Melissandre no podía dormir. Hacía tiempo que dormía mal, pero esa noche en particular estaba siendo especialmente agitada.
Los sueños llegaron lentamente, como siempre, comenzando con formas y colores indistintos. Pero esta vez, algo era diferente, una frialdad desconocida penetraba su mente, haciendo que su cuerpo temblara a pesar de la cálida atmósfera de la habitación. La nieve, una vasta extensión de nieve, se desplegó ante sus ojos cerrados. En medio de la blancura infinita, aparecieron figuras altas y esqueléticas, con ojos azules brillantes como el hielo.
Caminantes Blancos.
Melissandre intentó enfocarse en ellos, desentrañar sus secretos, pero sus formas eran elusivas, desdibujadas por la ventisca que los rodeaba. Intentaba ver más allá de la nieve y el hielo, pero la visión era confusa, como si el propio destino se burlara de su intento de comprender. Una sensación de urgencia la invadió, como si el tiempo se estuviera acabando.

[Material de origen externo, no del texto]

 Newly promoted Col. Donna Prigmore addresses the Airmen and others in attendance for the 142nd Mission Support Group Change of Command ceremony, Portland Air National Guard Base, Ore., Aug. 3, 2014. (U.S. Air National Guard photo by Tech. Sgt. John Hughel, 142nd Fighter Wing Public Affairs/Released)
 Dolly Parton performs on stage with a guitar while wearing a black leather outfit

De repente, la imagen cambió. En medio de la tormenta, un niño apareció. Su cabello era blanco como la nieve y sus ojos oscuros. La apariencia del niño hizo que el corazón se detuviera por un momento. Tenía el cabello blanco y los ojos de un color claro, violáceo. Le recordaba a alguien pero no era capaz de reconocerlo, como si le eludiera. Y aún así, el niño seguía apareciendo, una y otra vez, en sus visiones. Siempre solo, siempre perdido, como un huérfano en un mundo cruel.
Melissandre intentó acercarse a él en su mente, llamarlo, pero el niño no parecía escuchar. La ventisca aumentó, y la nieve comenzó a girar a su alrededor en un torbellino de blanco cegador. La figura del niño se desvaneció en la tormenta, y los Caminantes Blancos se volvieron sombras aún más vagas y distantes.

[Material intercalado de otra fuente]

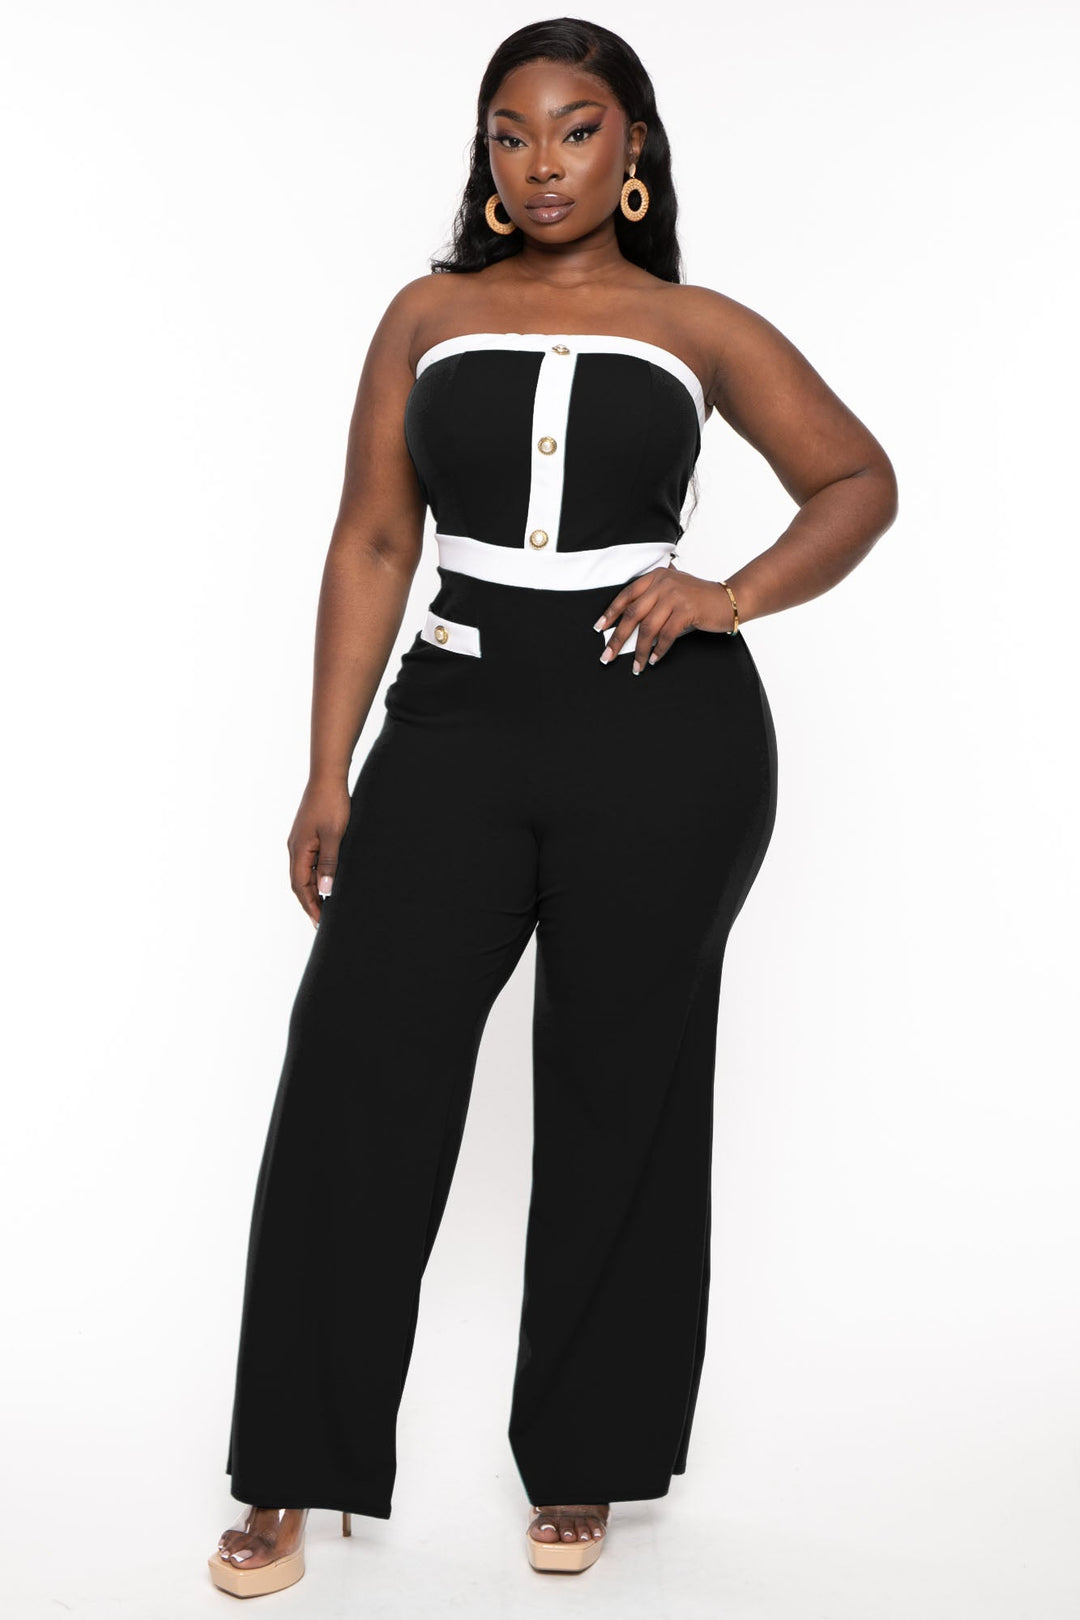 This plus size, stretch knit jumpsuit features an all over fishnet
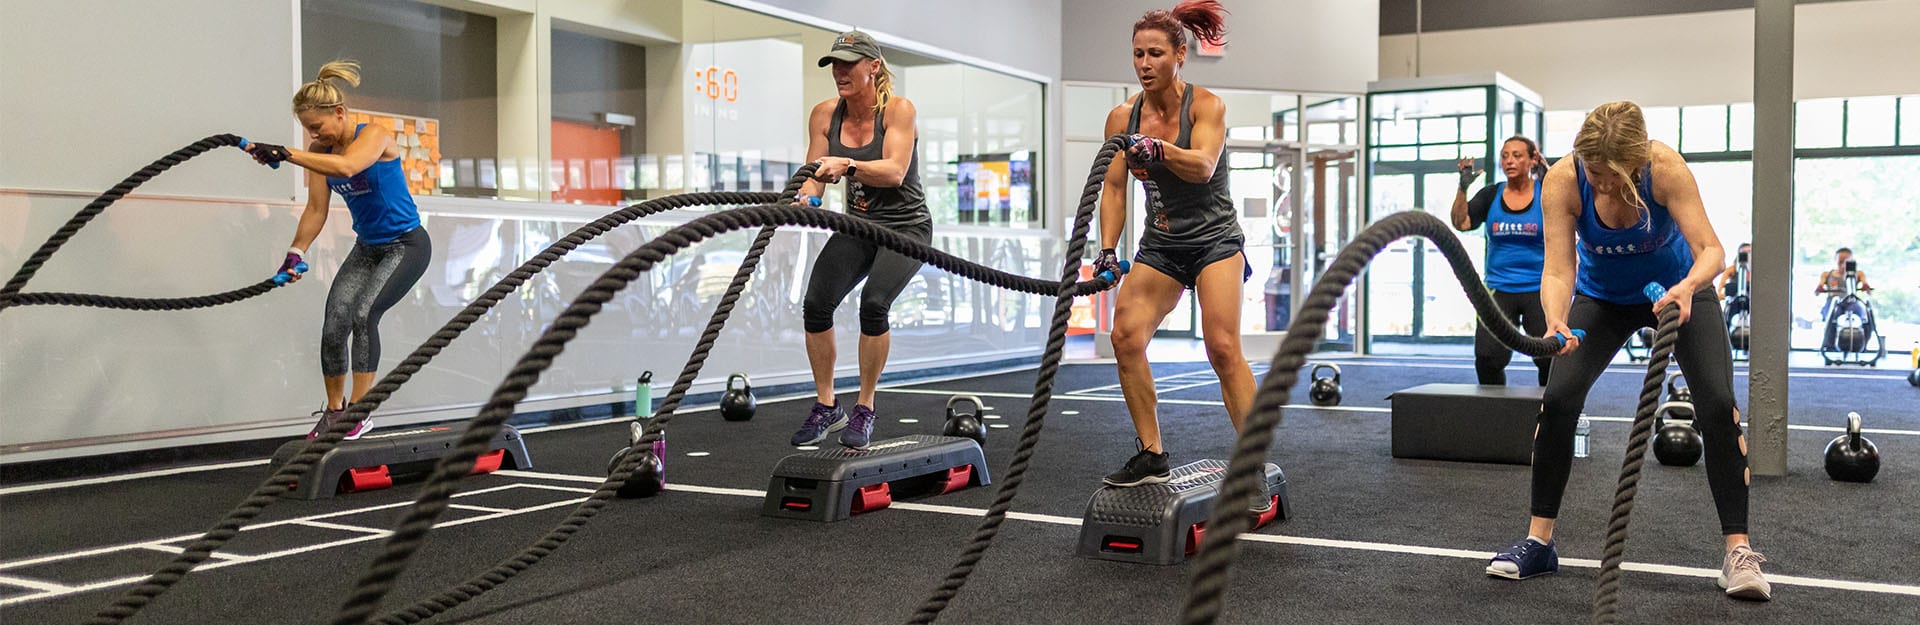 women using combat ropes in workout

La confusión y la frustración crecieron dentro de la sacerdotisa roja. No podía entender lo que estas visiones intentaban decirle. Intentó mirar más allá, forzar su vista mágica para penetrar el velo de la tormenta, pero la ventisca era implacable. La nieve giraba y giraba, creando un muro impenetrable de blanco que la dejaba ciega.
Y entonces escuchó el rugido de un dragón y sintió el calor quemar sus mejillas incluso cuando la piel de su rostro hacía tiempo que había dejado de ser sensible.
El fuego del dragón la despertó y se encontró sudando como pocas veces lo había hecho en su vida.